Whisper Tiny vs Whisper Base
Side-by-side comparison of hardware requirements, quantization options, and specifications to help you choose the right model for your device.
Specifications Comparison
| Spec | Whisper Tiny | Whisper Base |
|---|---|---|
| Parameters | 0.039B | 0.074B |
| Architecture | whisper | whisper |
| License | MIT | MIT |
| Context Length | N/A | N/A |
| Category | Speech Recognition | Speech Recognition |
| Author | OpenAI | OpenAI |
| HF Downloads | 832.4K | 2.4M |
| VRAM Range | 0.2 - 0.2 GB | 0.3 - 0.3 GB |
| Quantizations | 1 options | 1 options |
| Best Quality Score | 70% | 80% |
Quantization Options
Whisper Tiny
Whisper Base
In-depth comparison
Whisper Base is the better choice for most users due to its higher quality score of 80%, but Whisper Tiny is ideal for extremely resource-constrained devices.
When to choose Whisper Tiny
Whisper Tiny is the better pick for users who need to run speech recognition on very low-end devices or microcontrollers with limited VRAM and processing power. Its 75MB size and 0.2GB VRAM requirement make it highly portable and efficient, though it sacrifices some accuracy.
When to choose Whisper Base
Whisper Base is the better choice for users who require a good balance between speed and accuracy without compromising too much on resource usage. It offers a 10% higher quality score (80%) compared to Whisper Tiny, making it more reliable for applications where precision is crucial, such as professional transcription or real-time translation.
Quality
Whisper Base outperforms Whisper Tiny in terms of output quality, achieving a best quality score of 80% compared to 70%. This improvement is likely due to its larger parameter count (0.074B vs 0.039B), which allows it to capture more nuanced aspects of speech and handle a wider range of audio inputs accurately.

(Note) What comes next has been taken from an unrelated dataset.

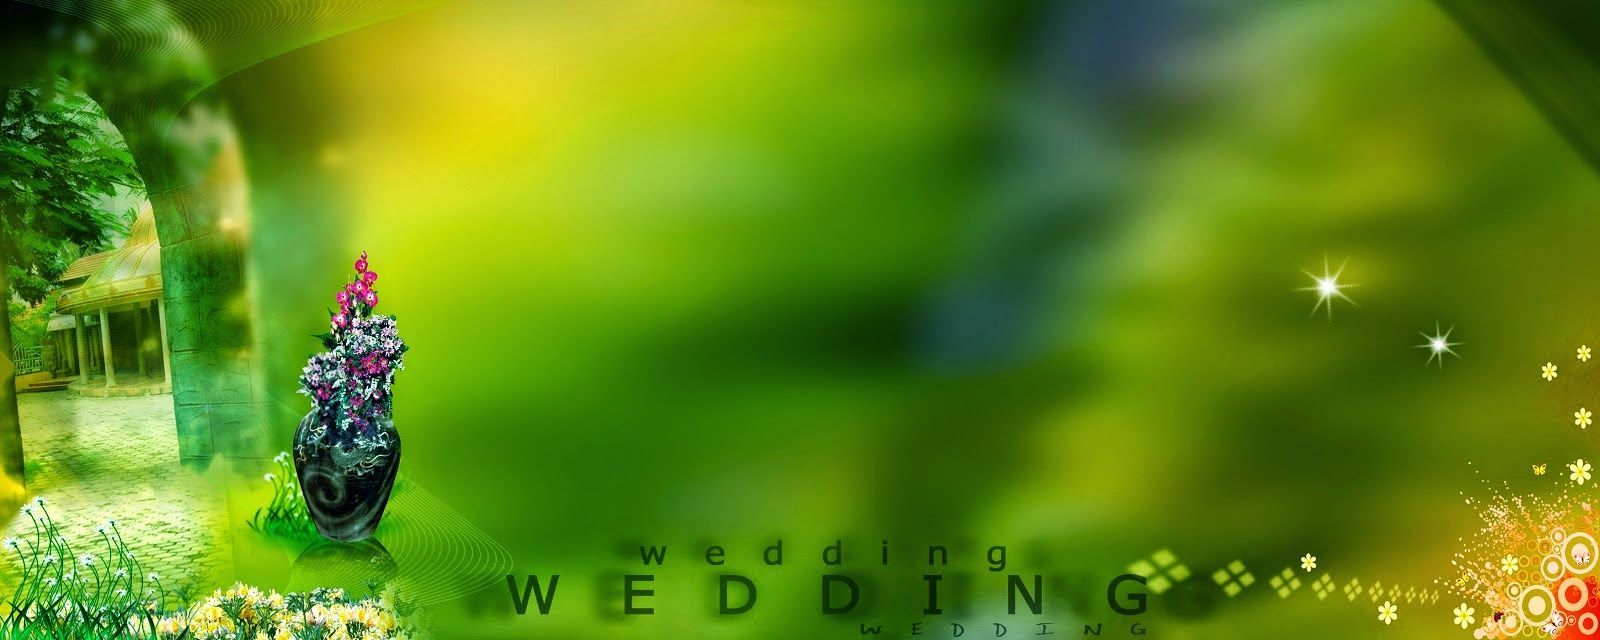 Beautiful Karizma Album Background. Wedding album layout, Wedding album , Wedding photography album design

Performance & hardware fit
Whisper Tiny requires only 0.2GB of VRAM, making it suitable for devices with very limited memory, while Whisper Base needs 0.3GB of VRAM. However, the additional 0.1GB of VRAM for Whisper Base results in a significant quality improvement, making it a better fit for most modern devices with 8-12GB of VRAM.
Use-case fit
| coding | Tie | Both models can be used for coding, but the choice depends on the available resources and the required accuracy. |
| creative writing | Whisper Base | Whisper Base's higher accuracy makes it more suitable for creative writing, where precise transcription is important. |
| RAG / retrieval | Whisper Base | Whisper Base's better quality score ensures more accurate and reliable text for retrieval tasks. |
| agent / tool use | Whisper Base | Whisper Base's higher accuracy and better performance make it more suitable for agent or tool use, especially in environments where precision is critical. |
| running on consumer GPU (8-12GB) | Whisper Base | Whisper Base is the better choice for consumer GPUs, as it provides higher accuracy without exceeding the available VRAM. |
| long context (16K+) | Tie | Both models have the same context length limitations, so the choice should be based on other factors like accuracy and resource usage. |
Whisper Base wins for most users due to its higher accuracy and better overall performance, but Whisper Tiny is the clear choice for extremely resource-constrained devices.